* [GIT PULL 0/1] perf probe fix
@ 2017-06-23 0:02 Arnaldo Carvalho de Melo
2017-06-23 0:02 ` [PATCH 1/1] perf probe: Fix probe definition for inlined functions Arnaldo Carvalho de Melo
2017-06-23 8:04 ` [GIT PULL 0/1] perf probe fix Ingo Molnar
0 siblings, 2 replies; 3+ messages in thread
From: Arnaldo Carvalho de Melo @ 2017-06-23 0:02 UTC (permalink / raw)
To: Ingo Molnar
Cc: linux-kernel, Arnaldo Carvalho de Melo, Björn Töpel,
Magnus Karlsson, Masami Hiramatsu, stable,
Arnaldo Carvalho de Melo
Hi Ingo,
Please consider pulling,
- Arnaldo
Test results at the end of this message, as usual.
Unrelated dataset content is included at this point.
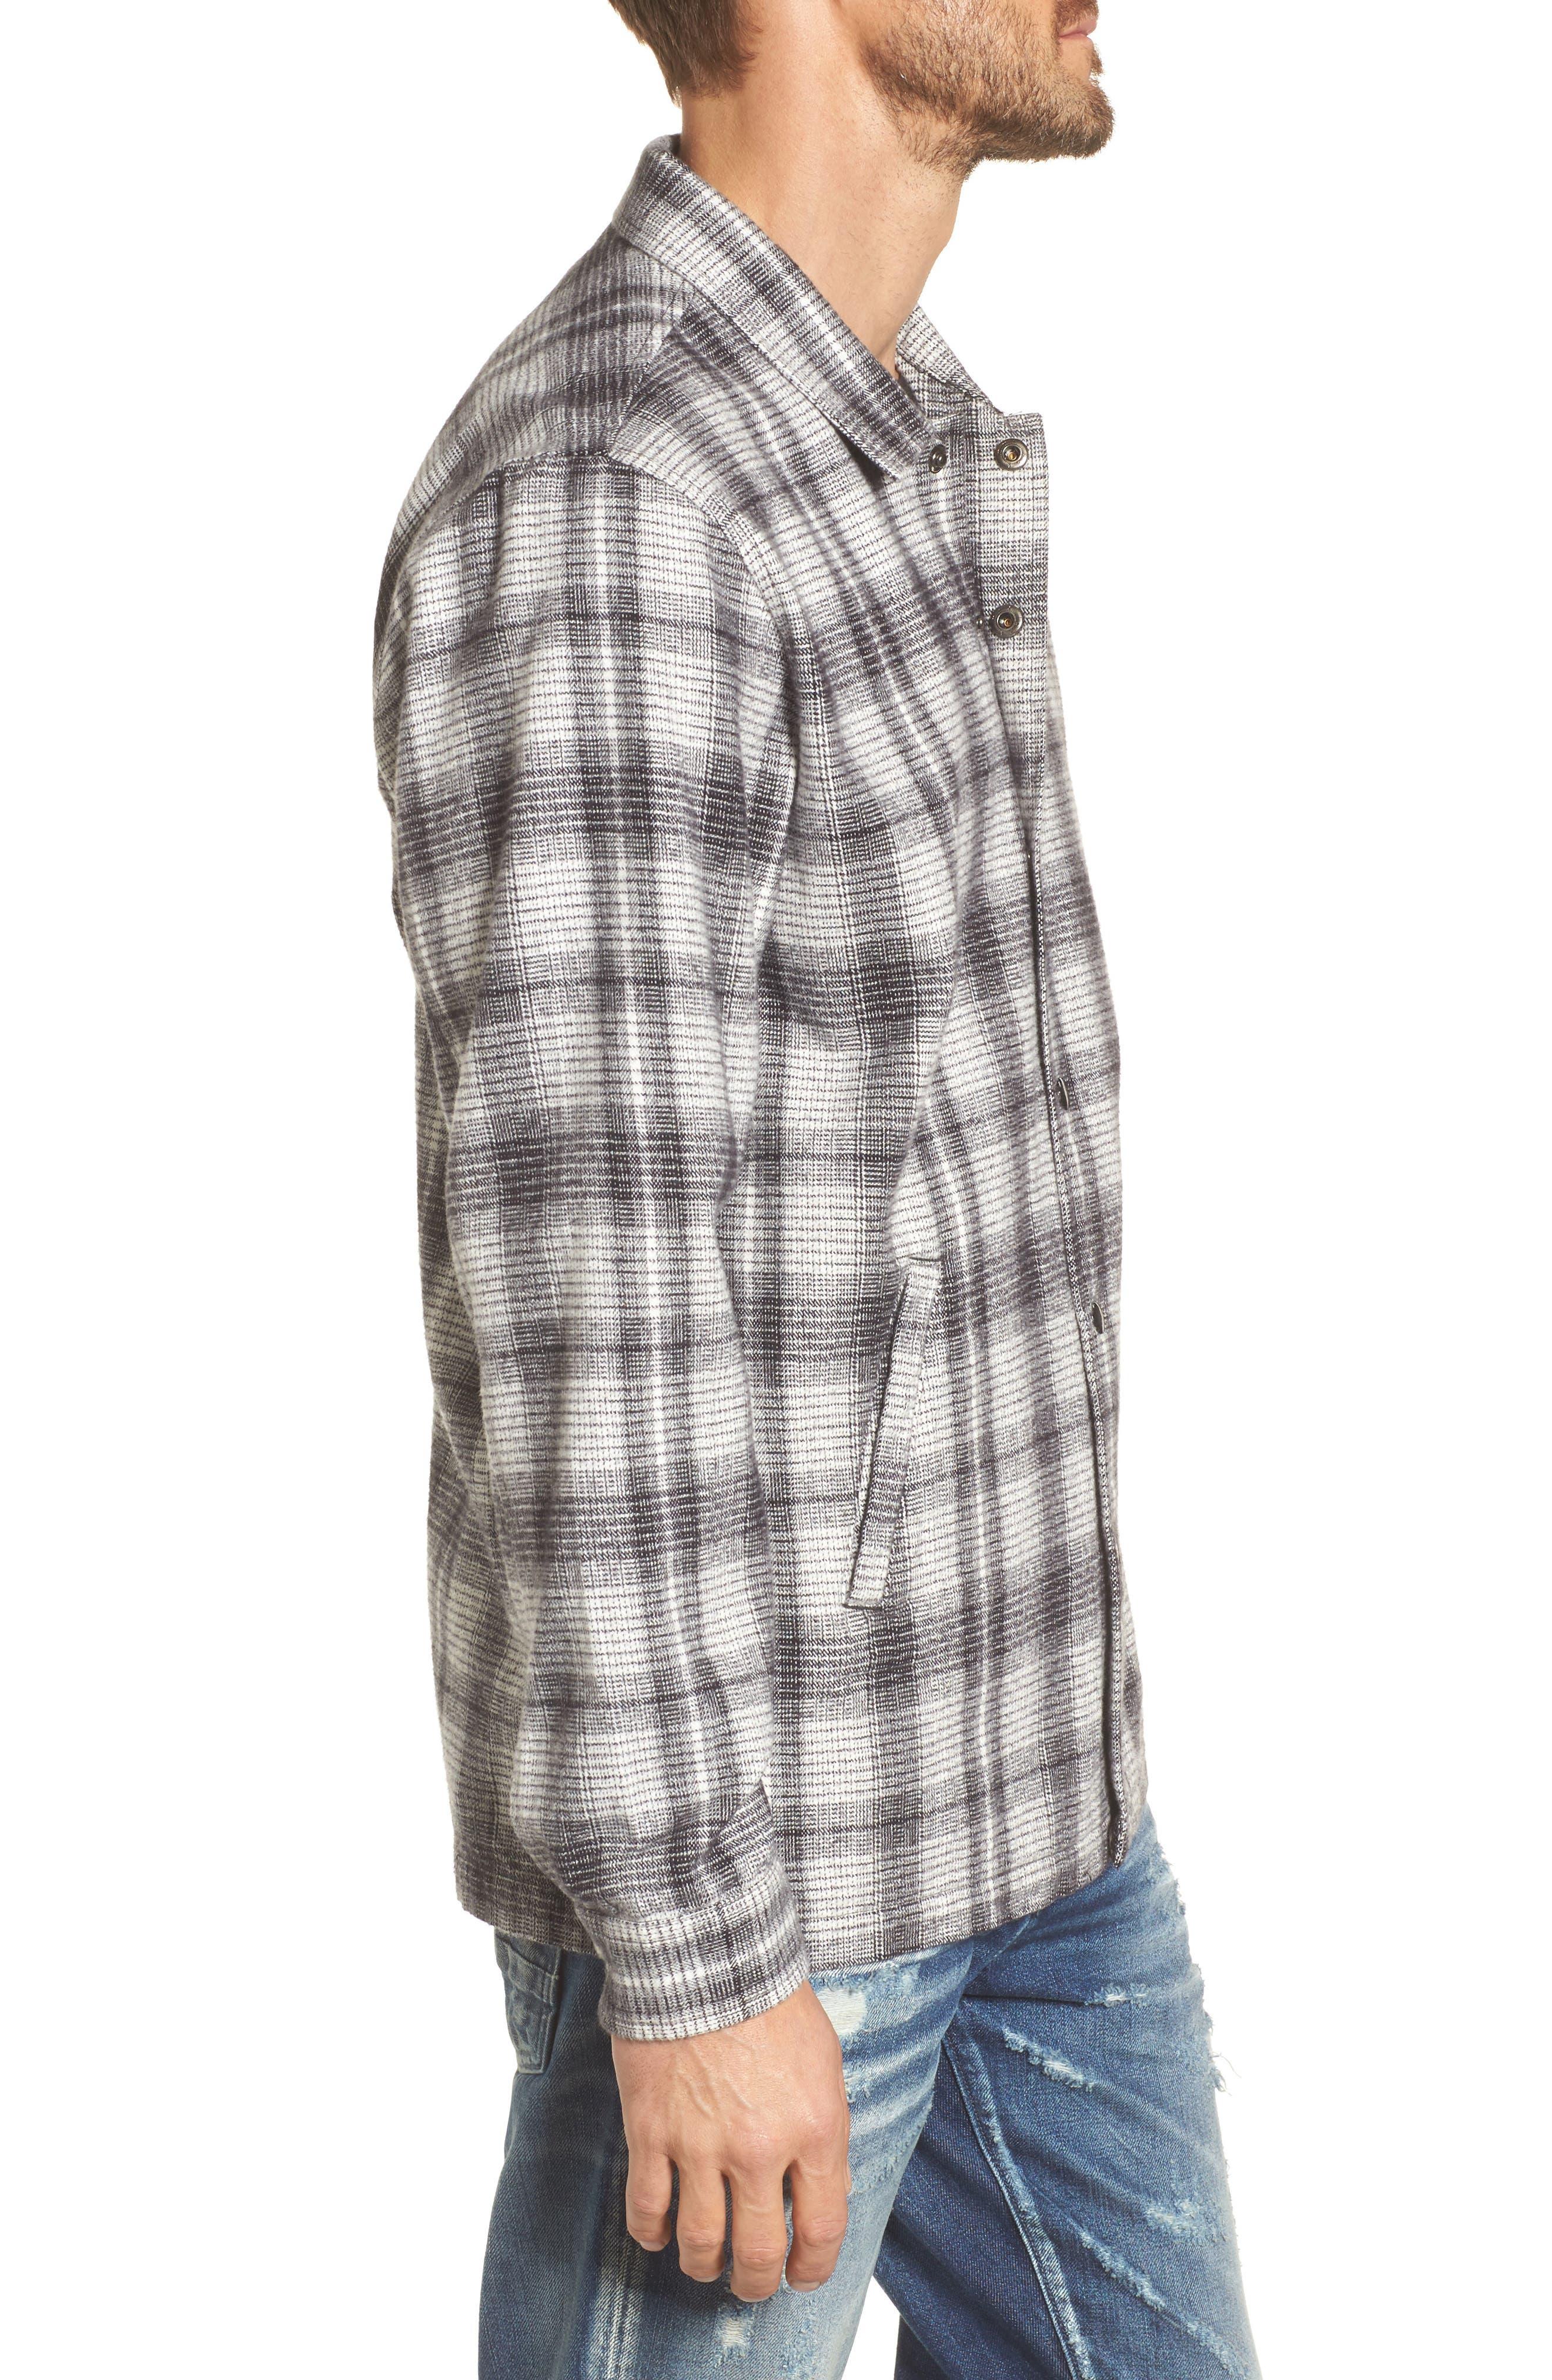 Whittier Plaid Flannel Shirt Jacket,                             Alternate thumbnail 3, color,                             Neutral Grey Multi

The following changes since commit fb3a5055cd7098f8d1dd0cd38d7172211113255f:
perf/x86/intel: Add 1G DTLB load/store miss support for SKL (2017-06-22 11:07:08 +0200)
are available in the git repository at:
git://git.kernel.org/pub/scm/linux/kernel/git/acme/linux.git tags/perf-urgent-for-mingo-4.12-20170622
for you to fetch changes up to 7598f8bc1383ffd77686cb4e92e749bef3c75937:
perf probe: Fix probe definition for inlined functions (2017-06-22 16:08:09 -0300)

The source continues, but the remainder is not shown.